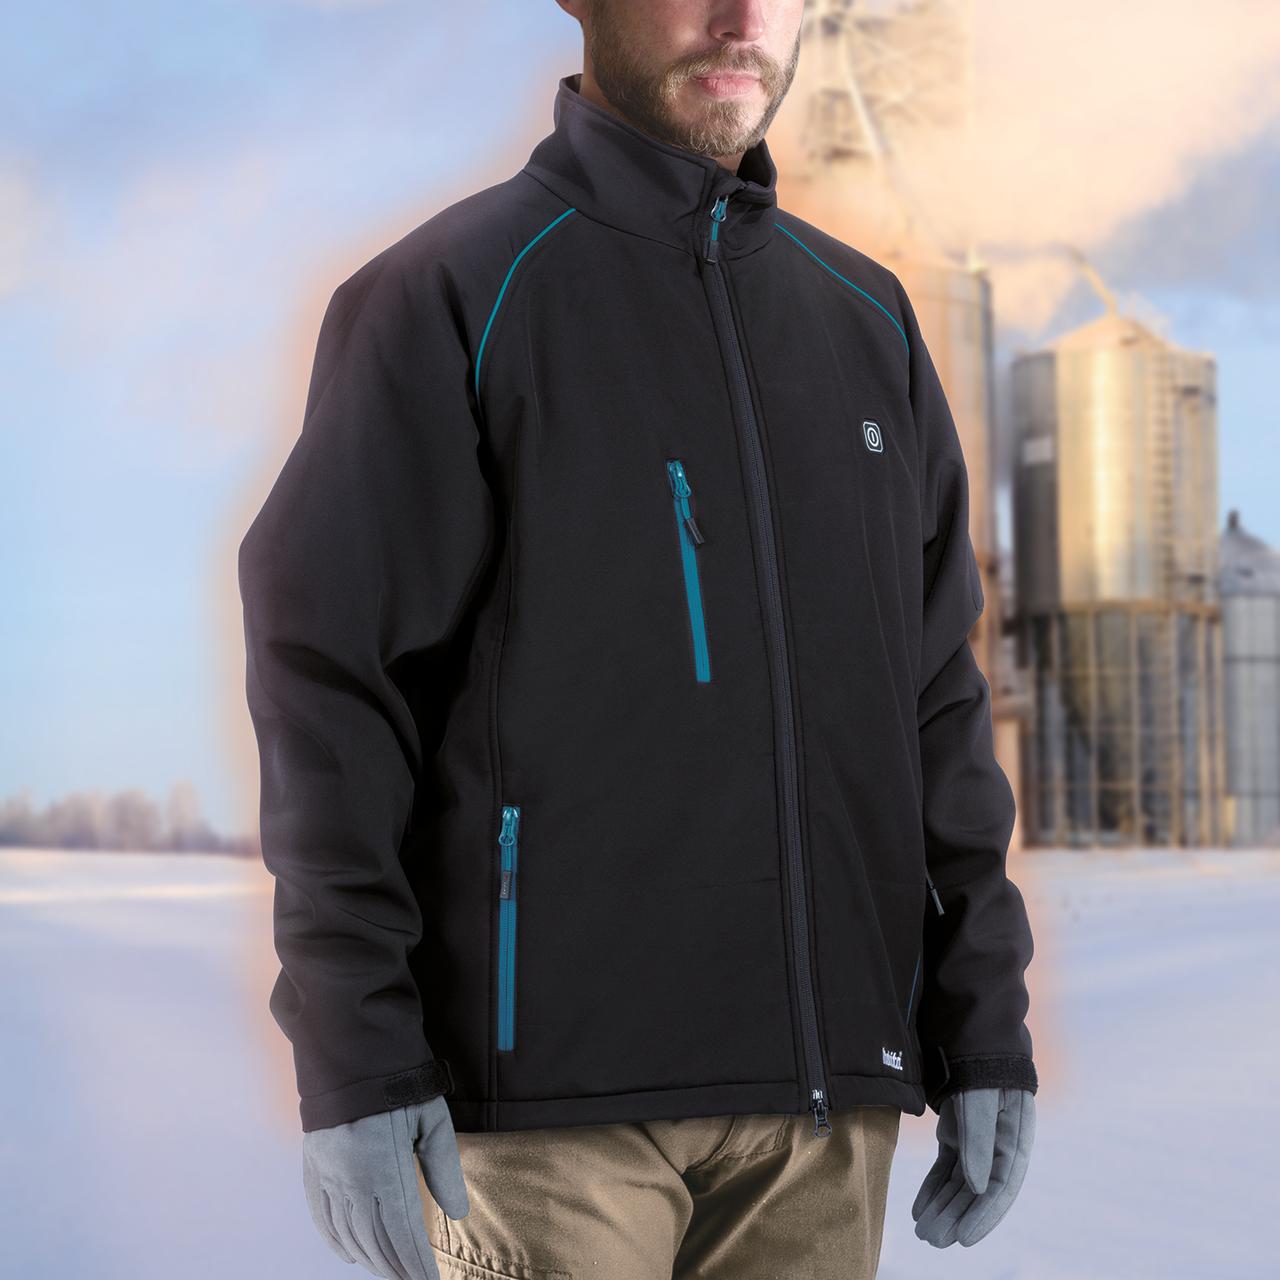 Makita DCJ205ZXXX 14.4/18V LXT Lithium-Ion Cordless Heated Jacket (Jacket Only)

* * *

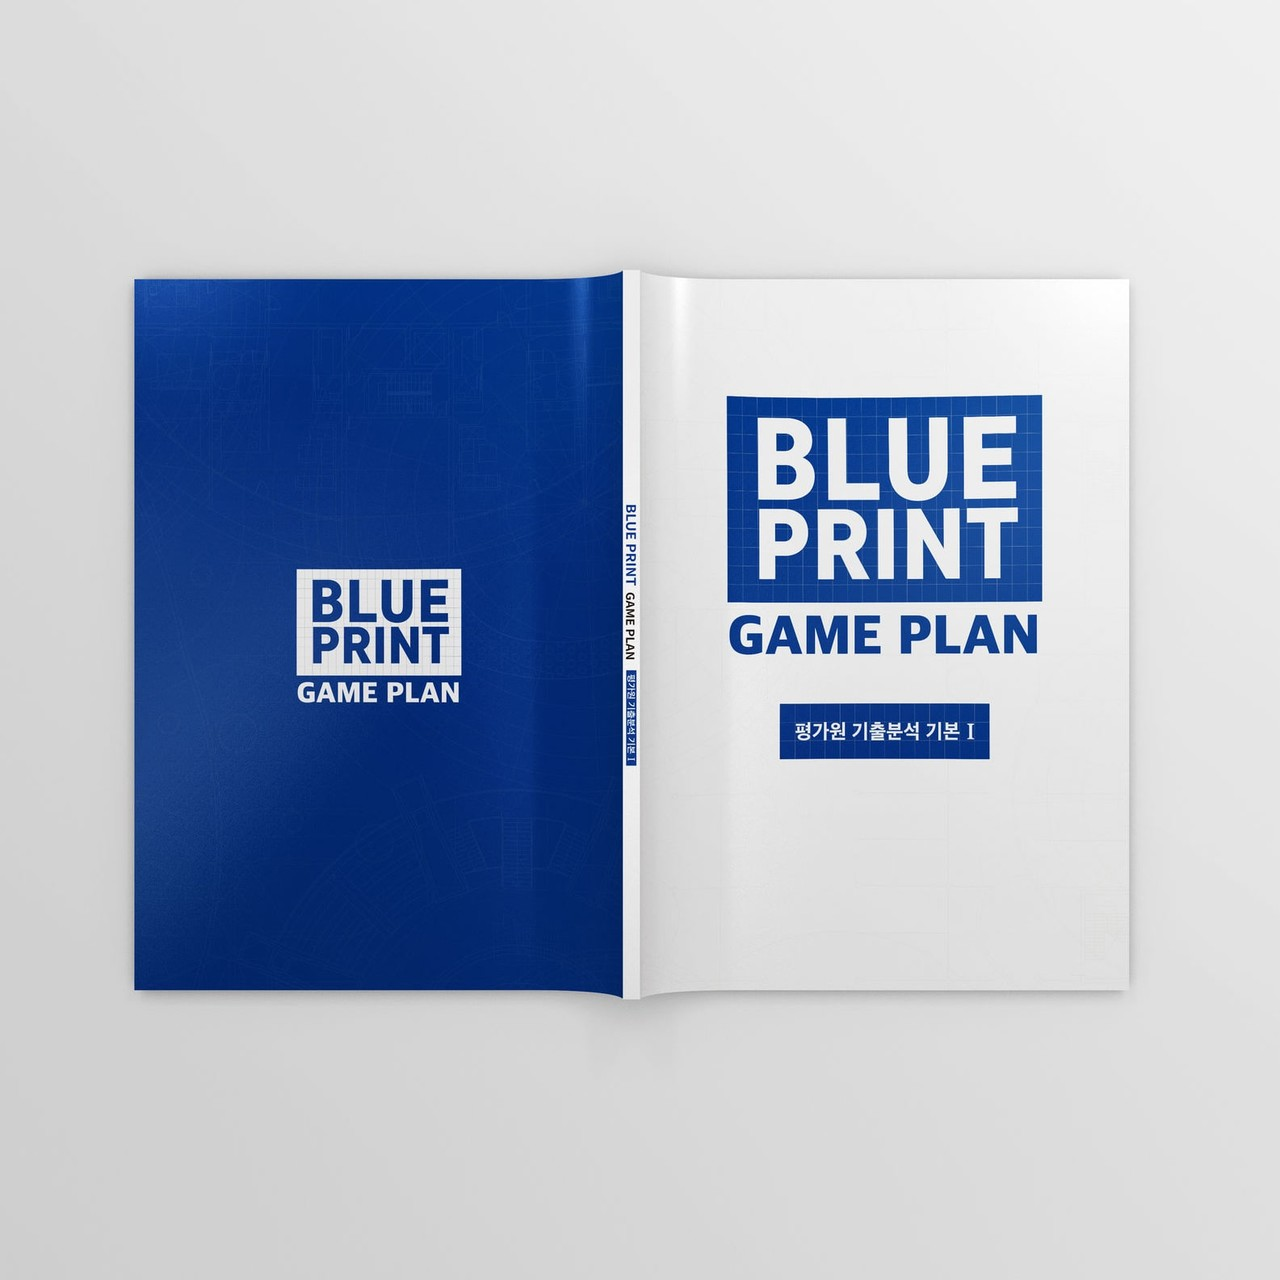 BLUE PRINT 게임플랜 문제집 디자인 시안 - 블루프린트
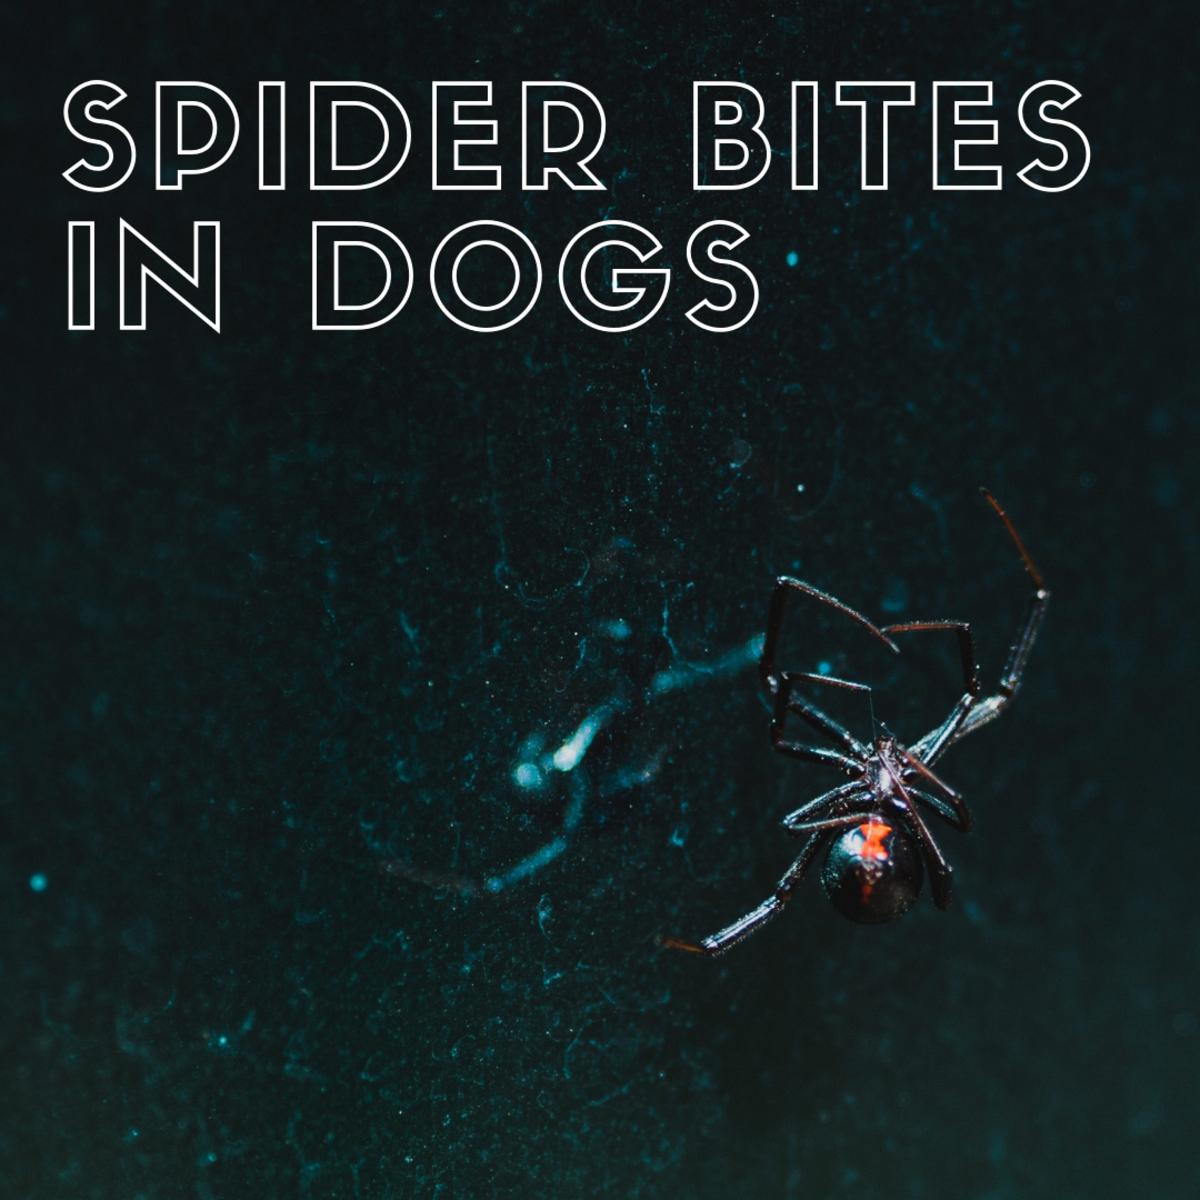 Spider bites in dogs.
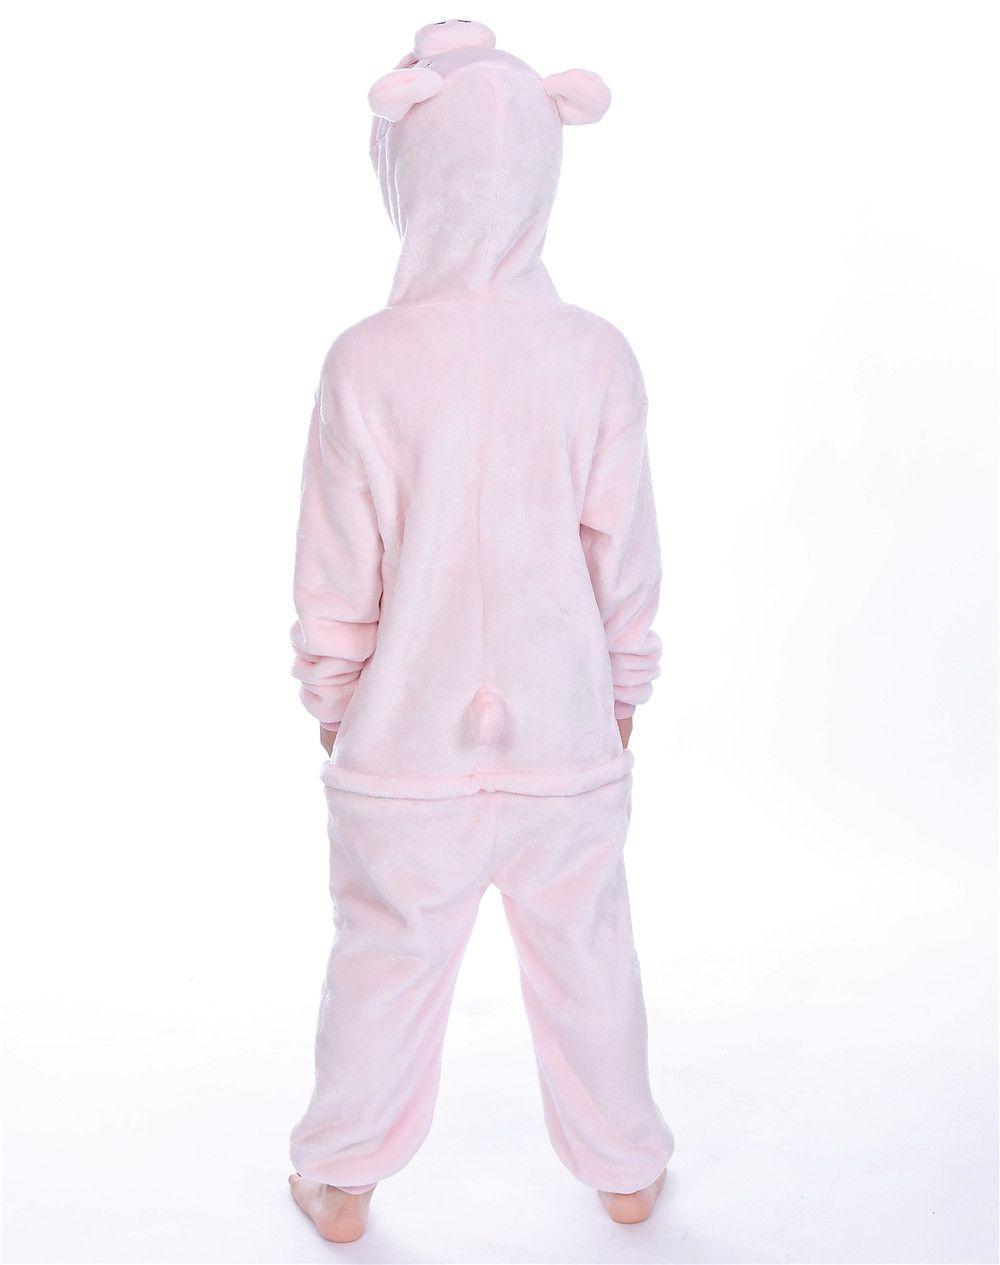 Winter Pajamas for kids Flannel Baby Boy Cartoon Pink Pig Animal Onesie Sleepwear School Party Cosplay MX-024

[Assignment] A word-for-word reproduction is needed of the lines above from the line containing "BLUE PRINT 게임플랜 문제집 디자인 시안 - 블루프린트" through the line containing "Winter Pajamas for", with both ends kept and no pictures.

[Answer space]
 BLUE PRINT 게임플랜 문제집 디자인 시안 - 블루프린트
 Spider bites in dogs.
 Winter Pajamas for kids Flannel Baby Boy Cartoon Pink Pig Animal Onesie Sleepwear School Party Cosplay MX-024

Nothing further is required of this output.